The products smelled absolutely fine in the store, but they sure don't wear well.  At least not on me.  I couldn't imagine having to walk around with this smell for several days in between shampoos.

Has anybody else experienced this problem with these products? Or is my body chemistry/nose just weird?


----------



## MissResha (May 9, 2010)

LMFAOOOOOOOOOOOO!!!!!! OMG! i cannot! i gotta go to bed after reading this lmfao


----------



## BadBadGirl (May 9, 2010)

Yikes- thankfully you didn;t buy that product. I never drank the CD Koolaid so I can't help you.


----------



## misha5150 (May 9, 2010)

Oh uhn uhn!!! LOL!

I never cared for Carol's Daughter's products. I wanted to but it just never happened.


----------



## makeba (May 9, 2010)

ah nah. I never tried the body products only the hair products!! I would say that it doesnt go with your body chemistry at all. I once tried Burberry Britt perfume and had to leave work becuz I was gonna puke so If i knew it I knew others would feel the same way.


----------



## DILLIGAF (May 9, 2010)

Oh my LOL
I used to use Carol's Daughter fragrances back in the day. Back when she had a store across the street from my HS in Brooklyn. Can't say I had any turn on me.


----------



## meika79 (May 9, 2010)

The only CD's products that have "gone bad" on me are the ones that are oil based. They get that old oil smell...hmm I don't know how else to describe it.


----------



## QueenOfSnark (May 10, 2010)

It's definitely your body chemistry. I've used a bunch of CD products and never had that problem, _but made sure NOT to pick up anything with citrus notes!_ Citrus anything will after an hour turn into Pine Sol on me, but deep ambers/vanillas/patchouli is lovely on me. What did you try out?


----------



## Foxxydiva (May 10, 2010)

Dang, I always wanted to try her hair care products.


----------



## DJ_Roxas (May 10, 2010)

Is it really _that_ bad?To me I'm suprised because I've never heard any problems with Carol's Daughter Products. This is why I stick to drugstore brands like Garnier (sp?) or Dove. Because I do remember smelling one of thier  bath products and I think the name was....uh... Now I remember, it was Almond Cookie Sea Salt Scrub and got a massive headache from it so I had to leave Sephora. But I at least now know what not to get from and advise the warnings about Carol's Daughter products.


----------



## captodometer (May 10, 2010)

Quote:

   Originally Posted by *DJ_Roxas* 

 
_Is it really that bad?_

 
It was really that bad
	

	
	
		
		

		
		
	


	




  It smelled like rotten fruit mixed with Playdough and little old lady perfume.  Initially, I thought it was one of the neighbors who was doing laundry, and left something in a pocket that was offgassing in the dryer.  And then I started looking for the fruit flies: like maybe I was unpacking the groceries and an apple rolled under the couch and died
	

	
	
		
		

		
		
	


	




The products I tried were all pomades/leave in moisturizers.  Khoret Amen, Tui, Mimosa, and Healthy Hair Butter.  I know that some of the scents are available in other products in the line, so it would be possible to end up wearing more than one at a time.  The Mimosa thing was incredibly greasy; no comment on the others other than the smell.

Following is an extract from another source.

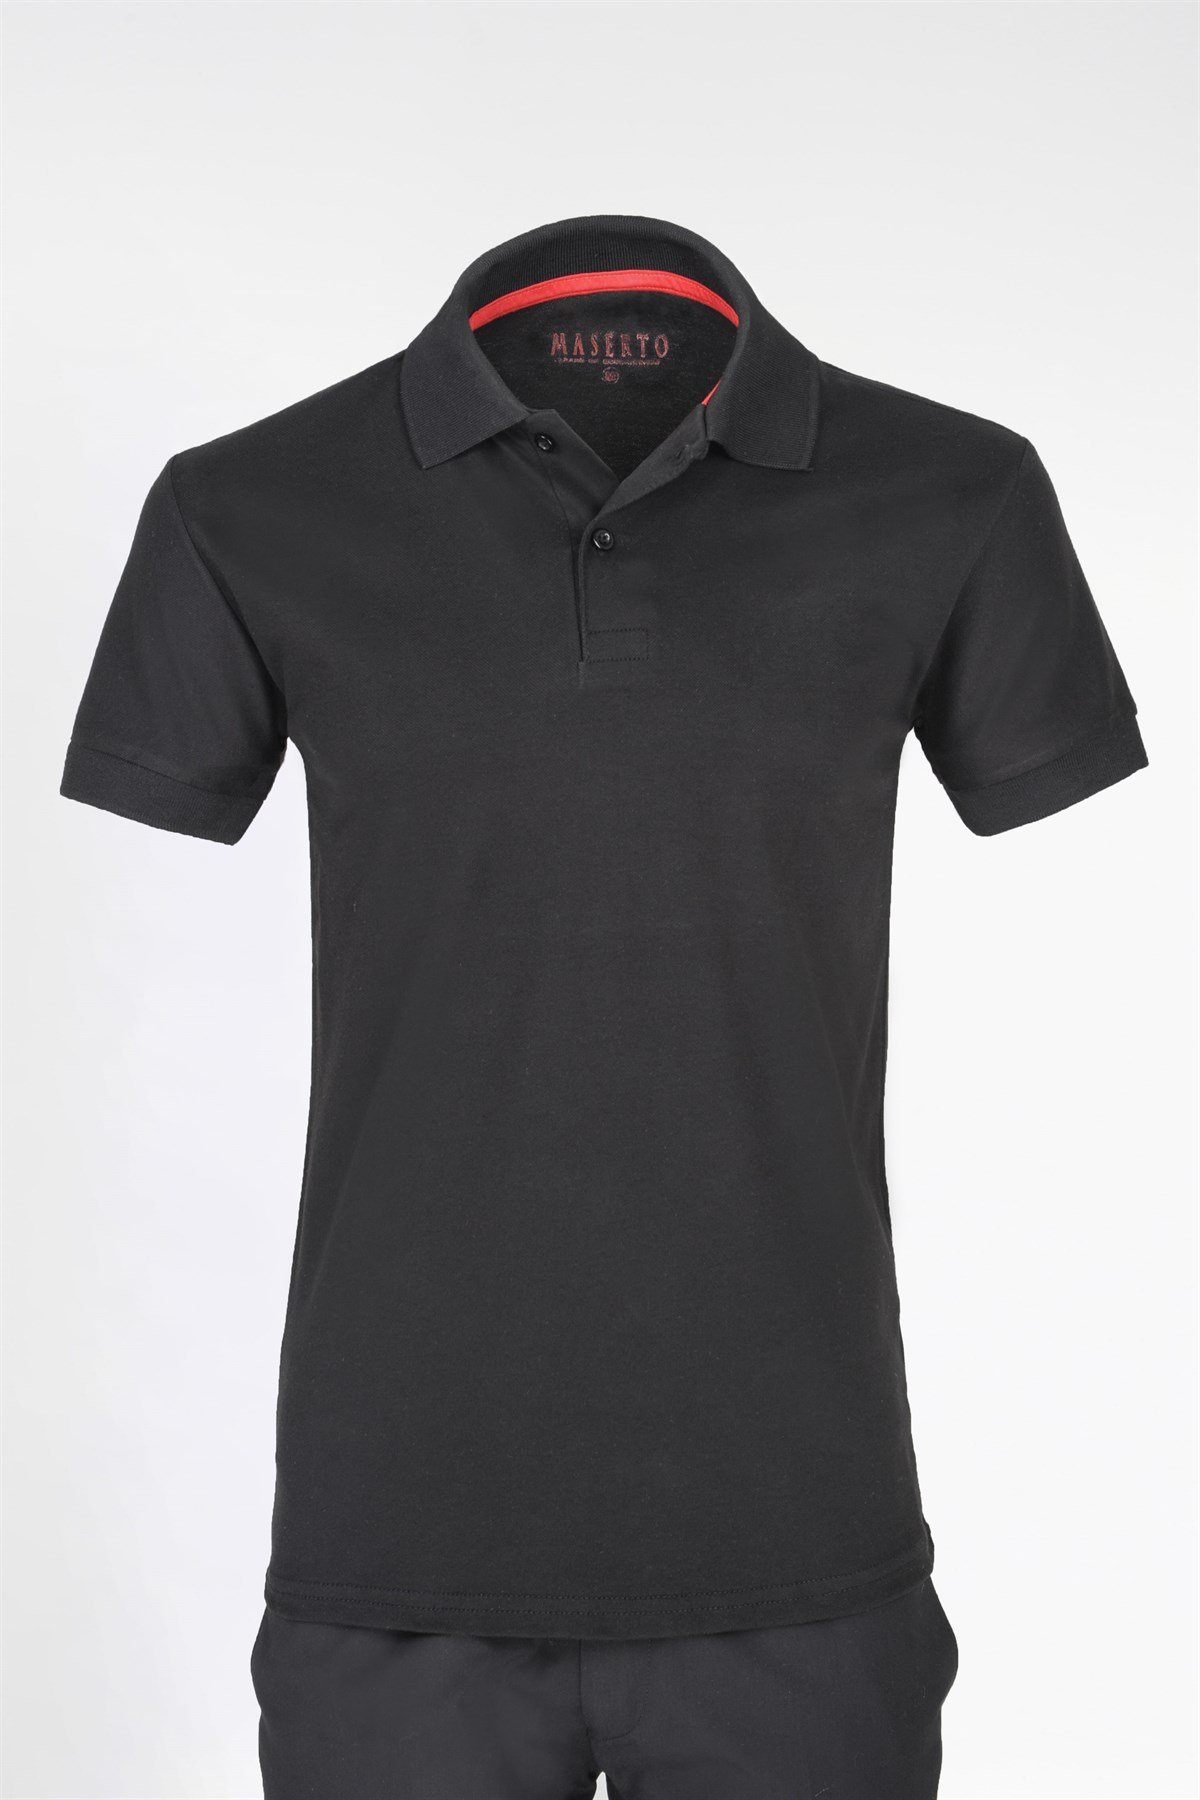 Maserto Slim Fit Polo Yaka Siyah T-Shirt | maserto.com

I had never actually seen the products anywhere before, and I'm ecstatically happy that I didn't order them online.  Will be sticking with the $3.29 carrot oil from the local beauty supply store: I have an Afro and it works well for me.


----------



## DigitalRain (May 12, 2010)

I returned the CD hair milk for the exact same reason. That ish smelled like spoiled milk and it LINGERS forever!!


----------



## kdd2411 (Jun 1, 2010)

I use her products and never had this happen.  HAHA...glad you didn't buy the product.


----------